ALL_SNP_FILTER_VCF_STAT = PROJECT_RUN_DIR + "/vcf/" + sample + ".snp.filter.vcf_stat.csv"

All_INDEL_SELECT = PROJECT_RUN_DIR + "/vcf/" + sample + ".indel.vcf"
ALL_INDEL_FILTER_VCF = PROJECT_RUN_DIR + "/vcf/" + sample + ".indel.vcf"

ALL_SNP_AVINPUT = PROJECT_RUN_DIR + "/vcf/" + sample + ".snp.avinput"
ALL_INDEL_AVINPUT = PROJECT_RUN_DIR + "/vcf/" + sample + ".indel.avinput"

ALL_MERG_FILTERE_VCF = PROJECT_RUN_DIR + "/vcf/" + sample + ".merge.filter.vcf"

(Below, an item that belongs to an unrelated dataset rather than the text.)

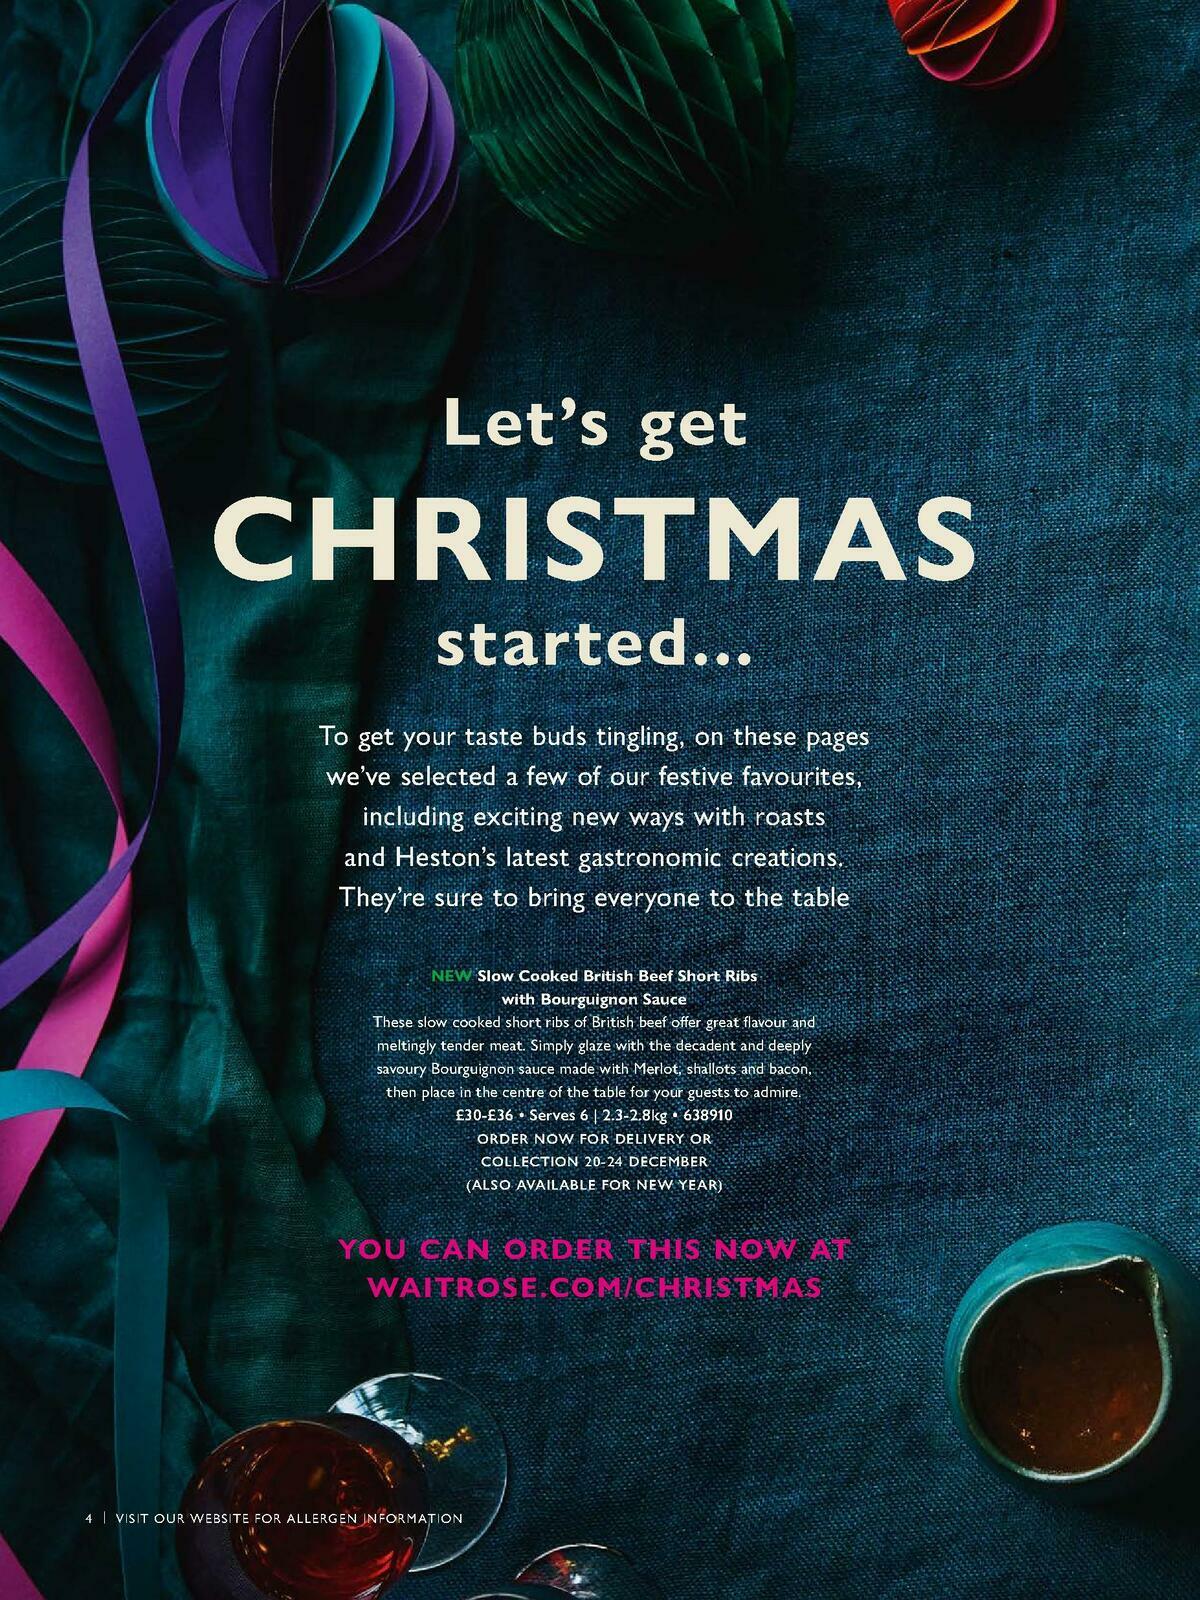 Waitrose Christmas Offers from 1 October
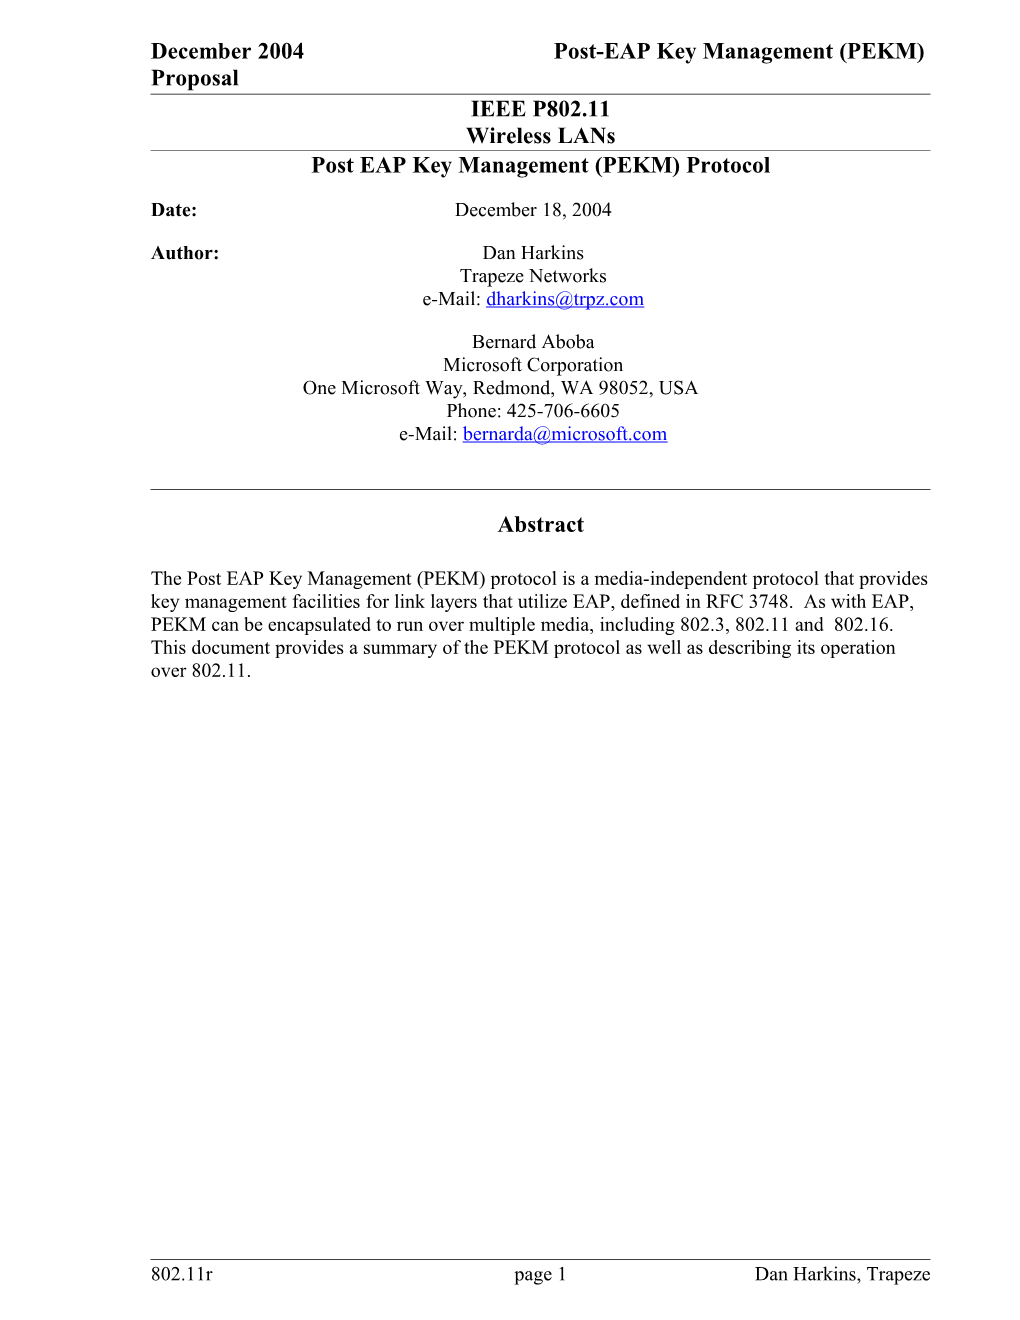 Post-EAP Key Management (PEKM) Proposal

ALL_SNPANNO = PROJECT_RUN_DIR + "/vcf/" + sample + "_snpanno." + genome + "_multianno.csv"
ALL_INDELANNO = PROJECT_RUN_DIR + "/vcf/" + sample + "_indelanno." + genome + "_multianno.csv"
ALL_ALLANNO = PROJECT_RUN_DIR + "/vcf/" + sample + "_allanno." + genome + "_multianno.csv"

QUALIMAP_REPORT = PROJECT_RUN_DIR + "/gatk/bam_QC/" + sample + "_bamQC_report.pdf"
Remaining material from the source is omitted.